Methods. From September 1997 to October 1998, 76 patients underwent mitral valve surgery through a right anterolateral minithoracotomy at the fourth intercostal space. The mitral valve was either repaired (n = 21) or replaced (n = 55). In all cases, open femoral artery-femoral vein cannulation was used for cardiopulmonary bypass. In 27 cases, an endoluminal aortic clamp was used, but in 49 cases, the aorta was cross-clamped with a transthoracic, sliding-rod-design clamp.
Results. There were no approach-related limitations to surgical intervention. Intraoperative transesophageal echocardiography revealed excellent results after valve repair and no paravalvular leak in any patient after mitral valve replacement. Mean duration of intensive care and postoperative hospital stay was 32 ± 5.2 hours and 7 ± 1.1 days, respectively. There were no major complications related to femoral vessel cannulation. In 1 patient, transient neurological problems developed, with subsequent complete recovery. There was one hospital mortality (85-year-old male patient died of upper GI bleeding).
Conclusions. Minimally invasive port access mitral valve surgery can accelerate recovery and decrease pain, while maintaining overall surgical efficacy. It also provides better cosmetic results to our patients, and now it has become our standard approach for isolated mitral valve surgery.

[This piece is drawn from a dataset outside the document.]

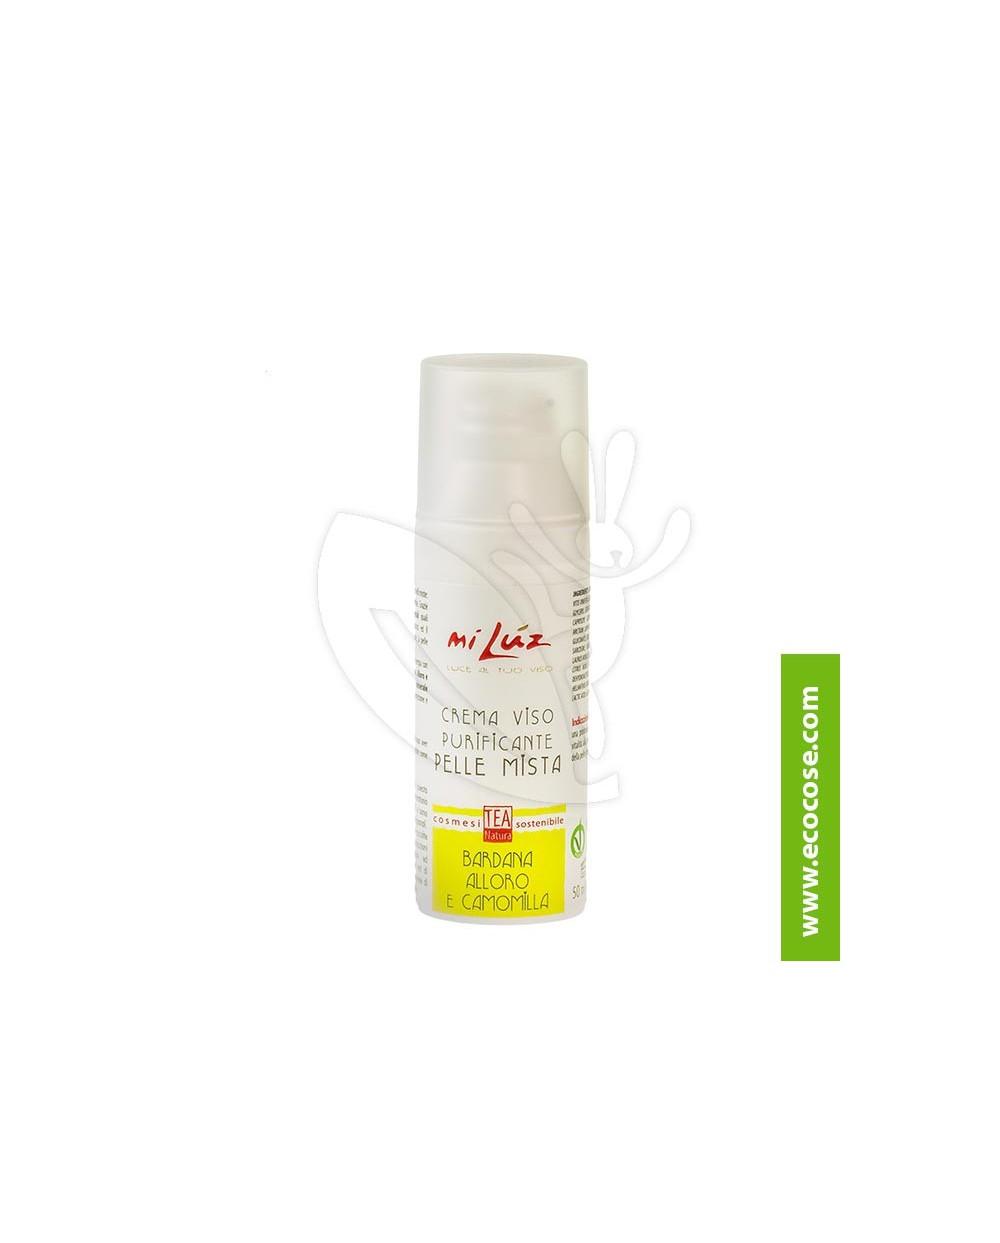 Tea Natura - Mi Lùz Crema viso purificante pelle mista

Less invasive cardiac surgery has emerged as a new and substantially different approach to a variety of cardiovascular surgical procedures. However, the largest experience in this field is related to coronary artery bypass grafting. Minimally invasive valve surgery may prove even more promising than new coronary procedures, because detailed vascular anastomoses are not required. Recently, limited sternal incisions have been shown to provide excellent exposure for direct-vision, minimally invasive mitral and aortic valve surgery. Using ministernotomy and parasternal incision, Cosgrove, Gundry, and Arom and their associates, among others, have shown encouraging operative results with a low surgical mortality [1–5]. In early 1996, the Stanford Group performed the first four minimally invasive mitral valve replacements using intraaortic balloon occlusion (port access) with cardioplegia [6]. Later, Falk and colleagues, at the University of Leipzig, reported 24 mitral-valve patients operated on successfully using a similar technique [7]. By January 1997, Colvin and Galloway at New York University had done 27 mitral repairs or replacements using this direct-vision method, with a single mortality.

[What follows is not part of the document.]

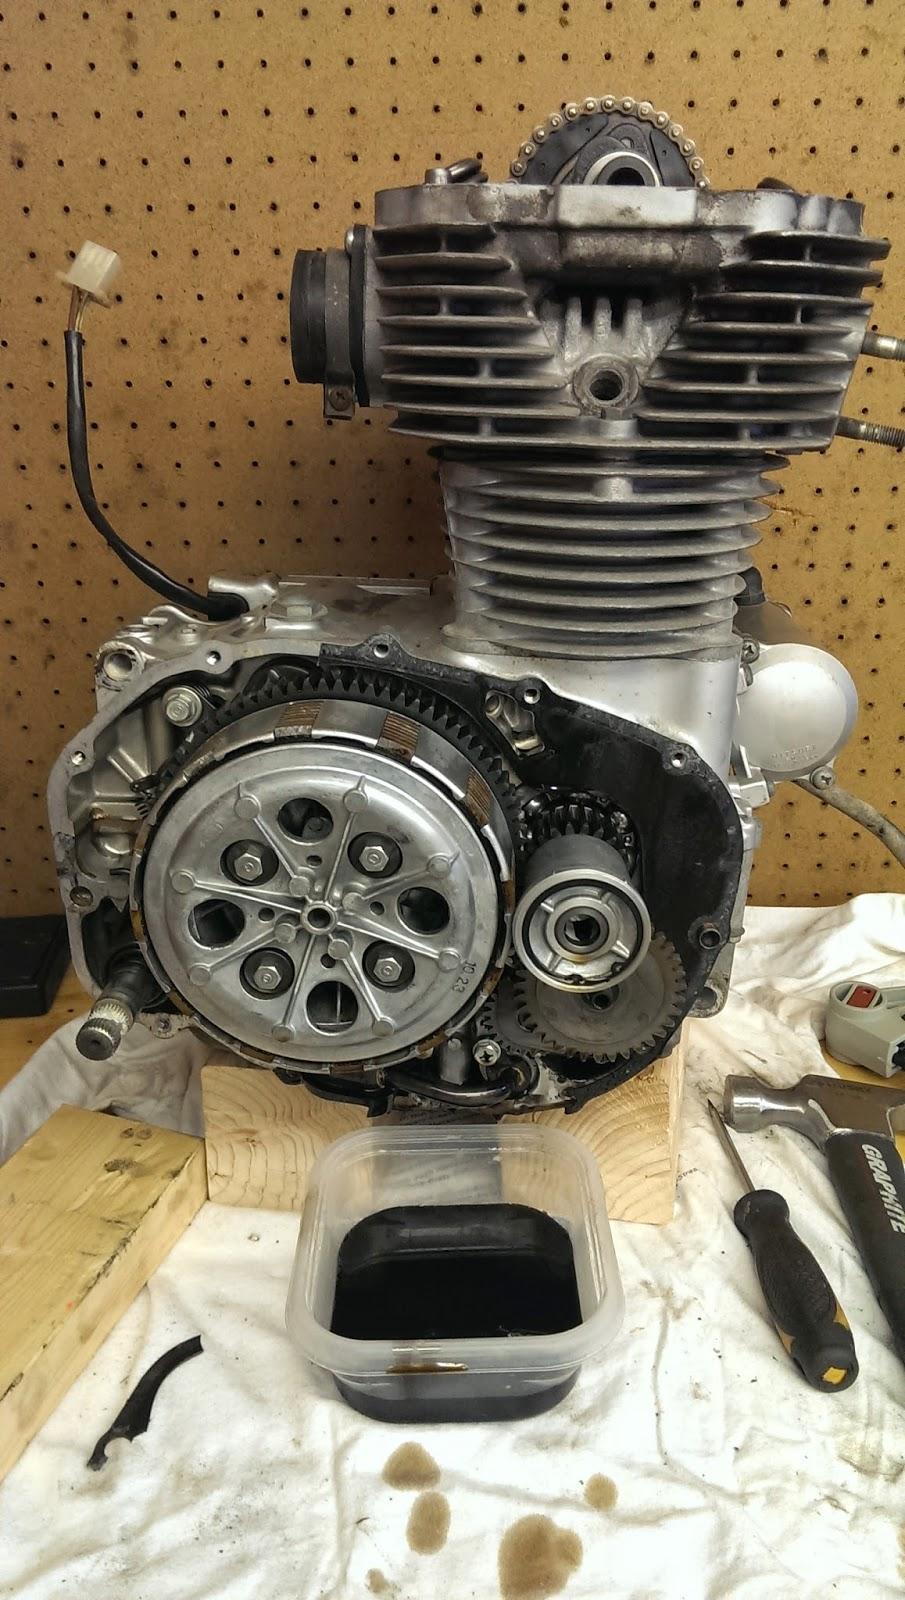 Cb360 Engine Diagram Schematics Honda Project The Rebuild Front Brake

At the meeting of the American Association for Thoracic Surgery in 1997, Mohr presented 51 minimally invasive mitral operations, done using the port-access technique [8]. His detailed description of morbidity and mortality stimulated major concerns regarding retrograde aortic dissection and balloon displacement. At a subsequent meeting, Aklog and associates presented their technique of direct access minimally invasive mitral valve surgery with excellent results [9].
The aim of this work is to evaluate the feasibility of minimally invasive mitral valve surgery, and hence to minimize surgical access to achieve better cosmetic results and less postoperative discomfort to patients, while maintaining at least the same level of safety and favorable results as with conventional surgery.
Material and methods
Between September 1997 and October 1998, 76 patients underwent mitral valve surgery by means of a minimally invasive approach through a right anterolateral minithoracotomy at the fourth intercostal space under direct vision. There were 26 males and 50 females with a mean age of 35.2 ± 10.7 years. As is shown in Table 1, most of the patients were having rheumatic valvular pathology, whereas 11 had degenerative mitral pathology. Along with mitral valve disease there were 28 patients who had involvement of tricuspid valve; out of those, 6 required tricuspid valve repair along with mitral valve surgery.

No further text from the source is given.